Ali menjelaskan, ada jurisprudensi MA yang dikatakan meskipun terpenuhi unsur tindak pidana korupsi (tipikor) dan diatur dalam pasal 2 ayat 1 atau pasal 3 UU nomor 31 tahun 1999, asalkan, apa yang dilakukan BPJS digunakan untuk kepentingan umum dan tidak menguntungkan satu pihak. Maka sifat melawan hukum perbuatan itu menjadi hilang atau tak ada.
"Untuk ukur masalah ini, meskipun bisa terduga pelanggaran, selama dia tidak mendapat keuntungan dan untuk kepentingan umum maka tidak melanggar hukum. Jangan takut kalau untuk kepentingan umum," ucap Ali.
Ali menjelaskan, hal ini bisa dilakukan sebagai diskresi hukum untuk mengatasi keputusan pemerintah yang buntu. Sebagaimana tertuang di dalam UU 30 tahun 2014.
"Diskresinya kan syaratnya itu tadi disampaikan pada UU 30 tahun 2014 itu untuk mengatasi stagnasi pemerintahan.

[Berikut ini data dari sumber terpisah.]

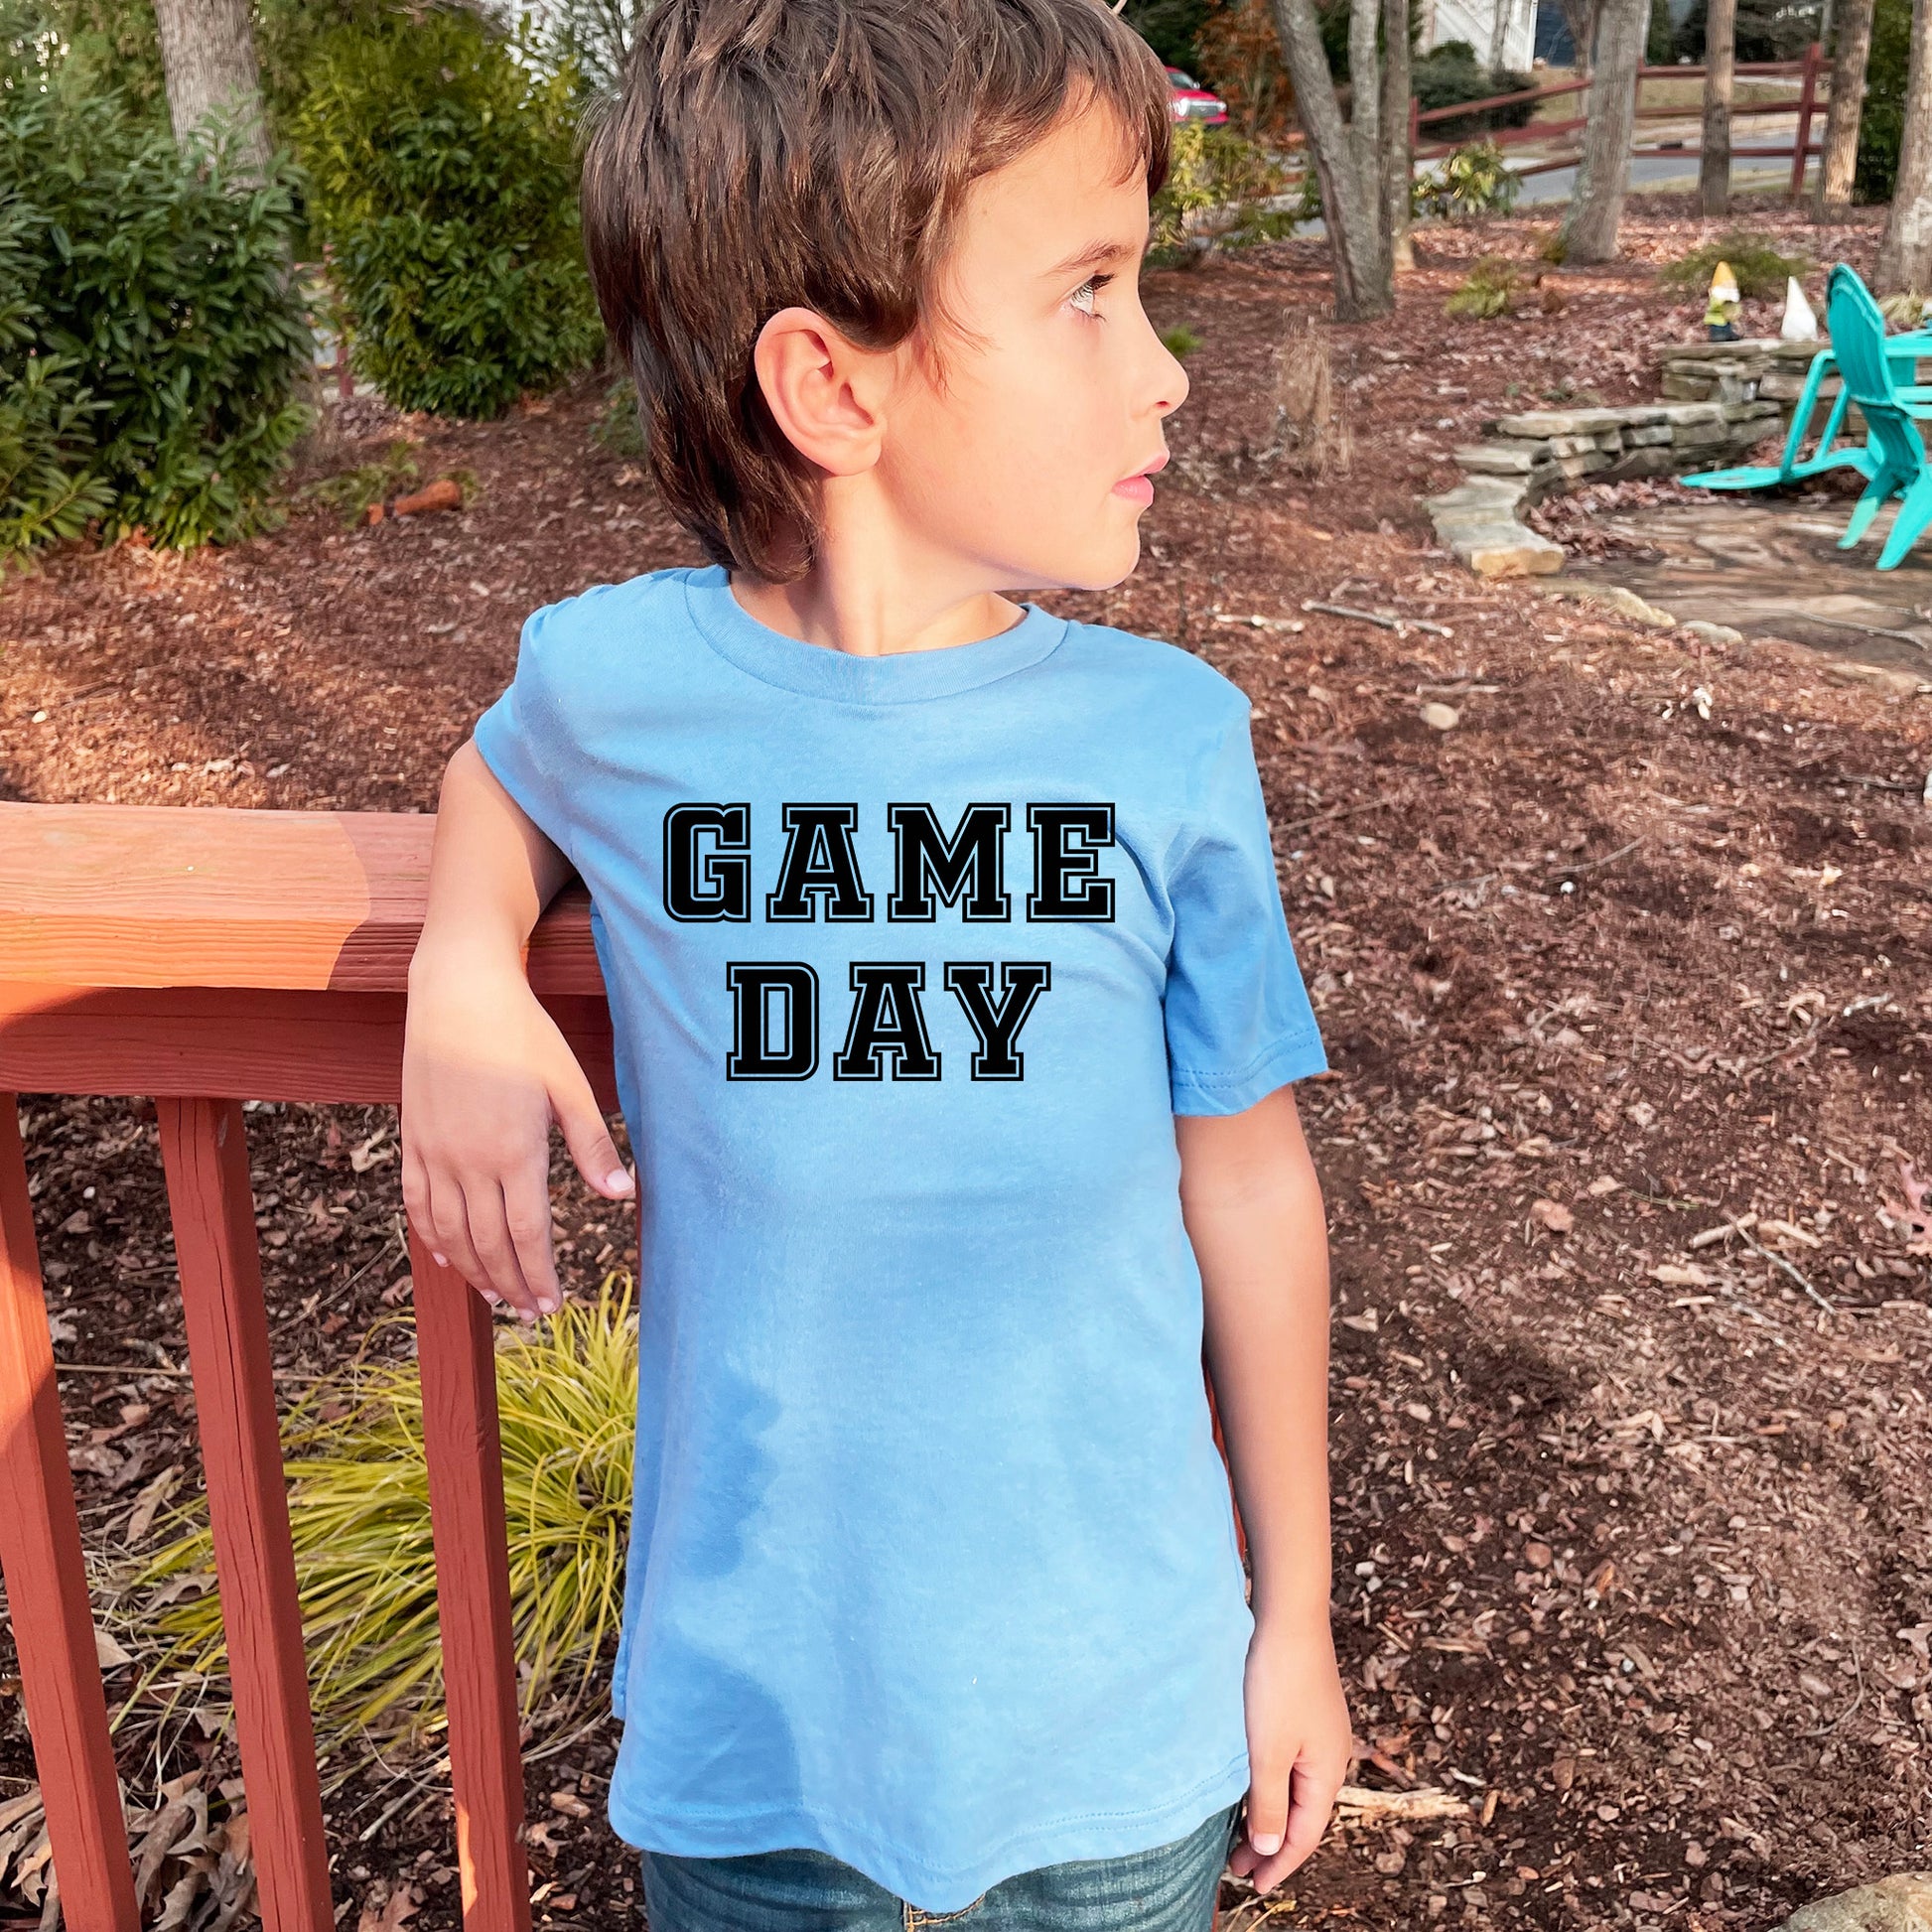 a young boy wearing a game day shirt
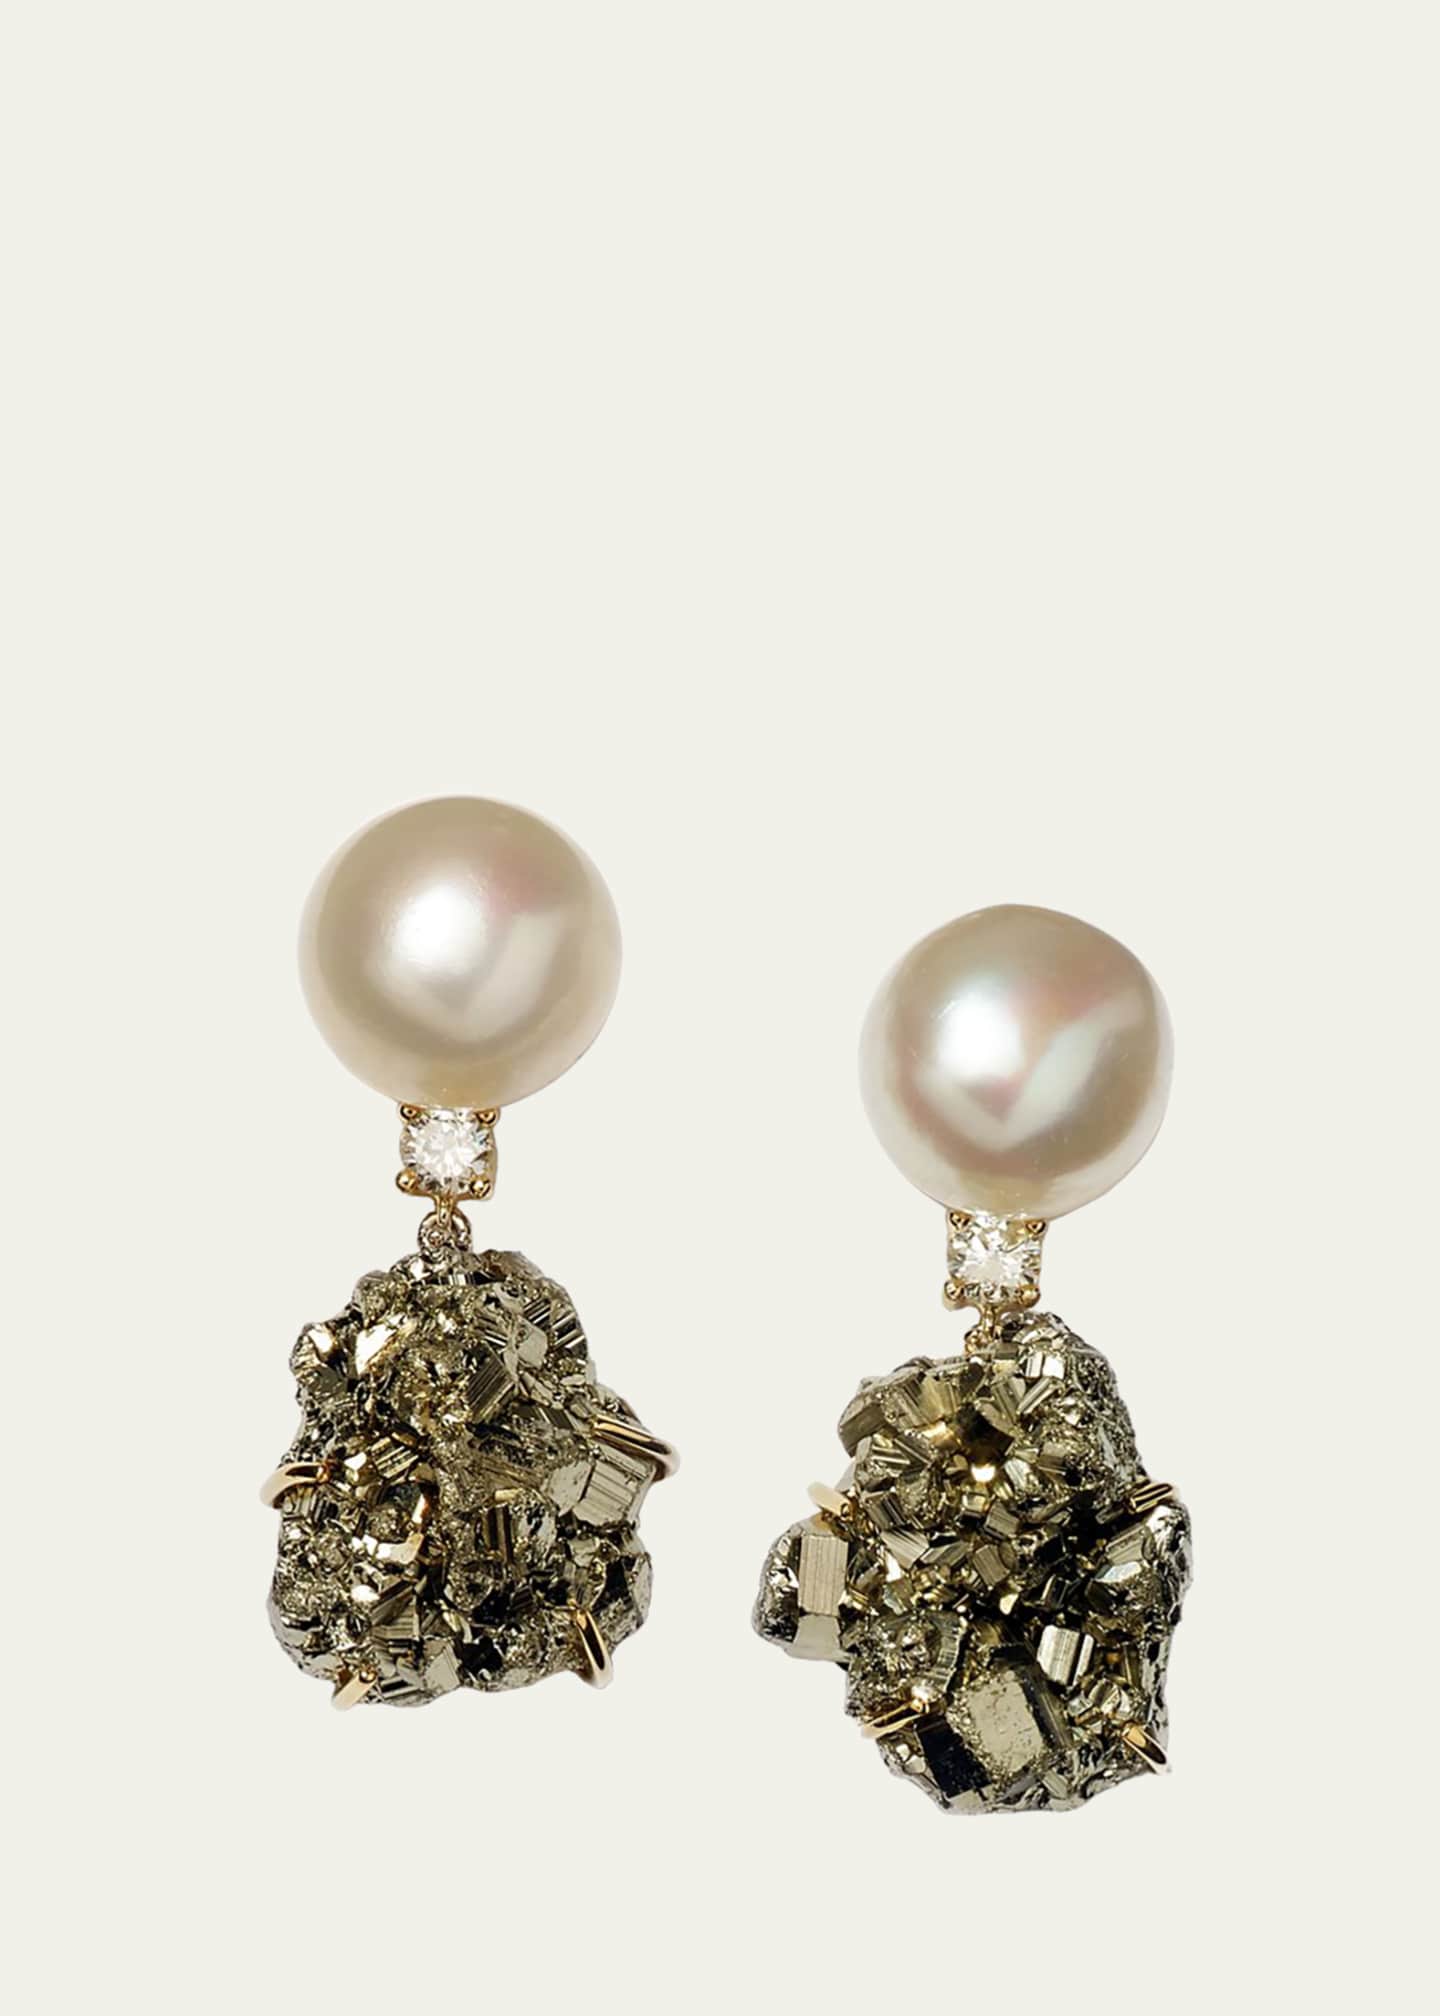 Jan Leslie 18k Bespoke One-of-a-Kind Luxury 2-Tier Earring with Pearl ...
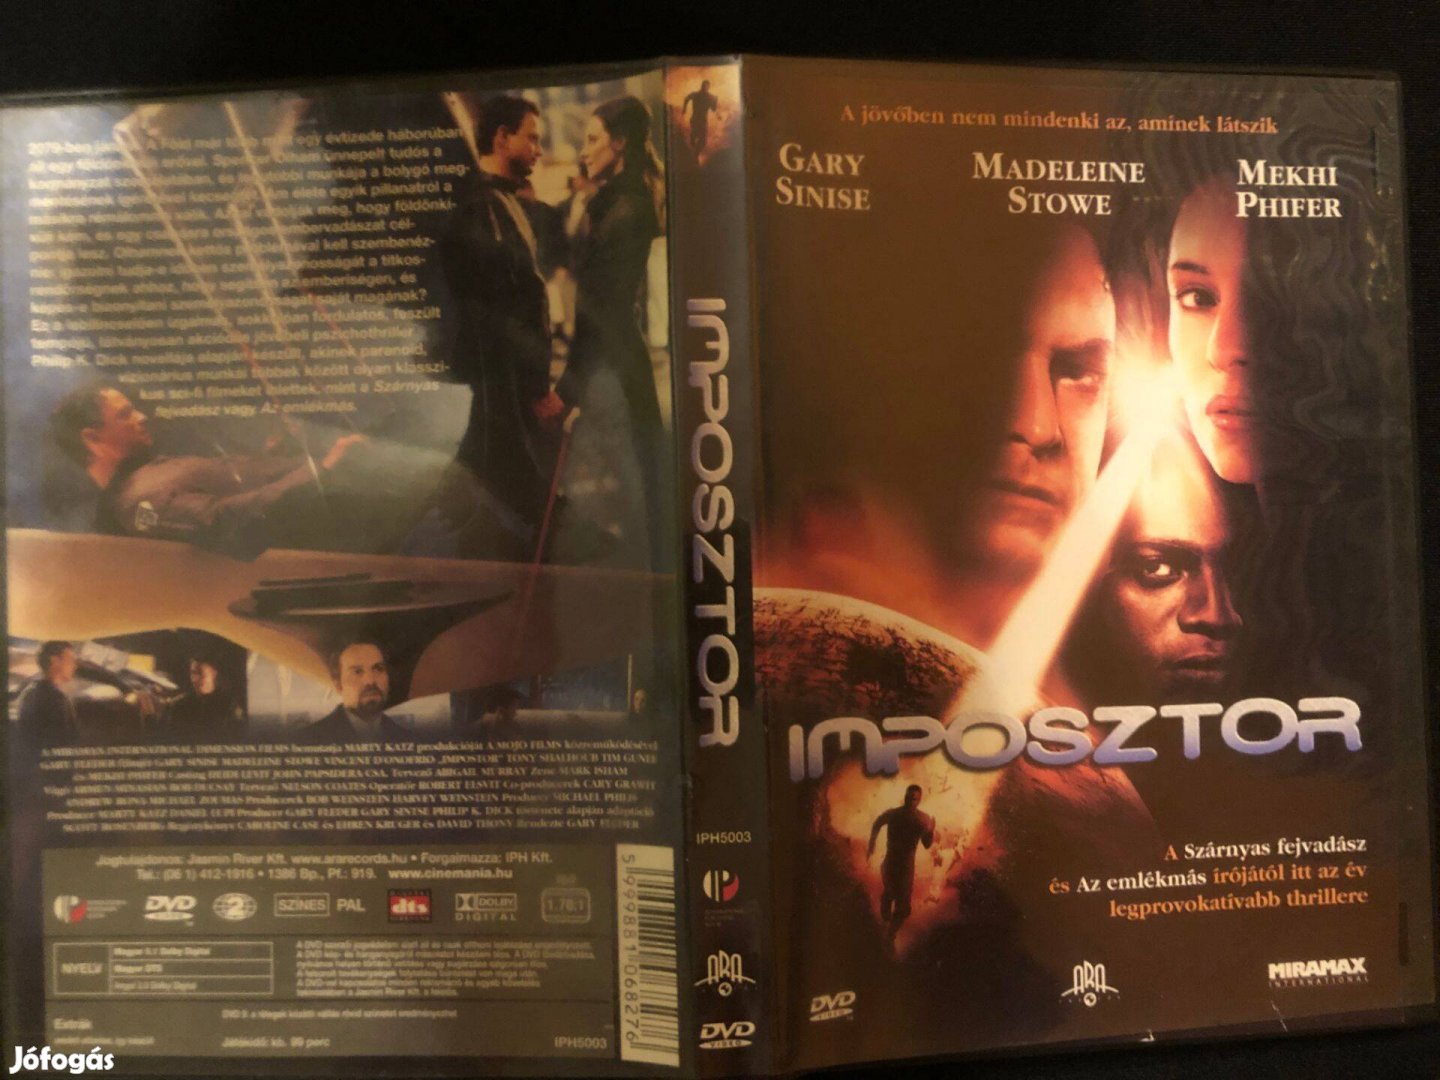 Imposztor DVD (karcmentes, Gary Sinise, Madeleine Stowe)

UU 30 tahun 2014 tentang adminsitrasi pemerintahan," tuturnya.
Menurut Ali, diskresi seperti ini sering dilakukan kecil-kecilan oleh Polisi. Misalnya dalam mengatur lalu lintas, ada kebuntuan namun melanggar peraturan bisa saja aturan itu didobrak.
"Diskresi yang kecil-kecilan aja itu kan, sering di Polisi itu lho. Di sini macet misalnya, di sini larangan karena lampu merah. Buntu, nah itu diskresi dia memperbolehkan lewat," katanya.
Sebelumnya, dalam rapat Komisi IX tanggal 12 Desember 2019 telah disepakati pemberian subsidi pemerintah atas selisih kenaikan iuran pada peserta jenis mandiri Kelas III. Sehinggam iuran tersebut tak jadi naik. Usulan Menkes Terawan itu mendapatkan persetujuan dari anggota Komisi IX.
Namun demikian, usulan tersebut tidak ditindaklanjuti oleh pemerintah. Iuran BPJS Kesehatan tetap naik hingga dua kali lipat untuk seluruh kelas pada awal Januari 2020.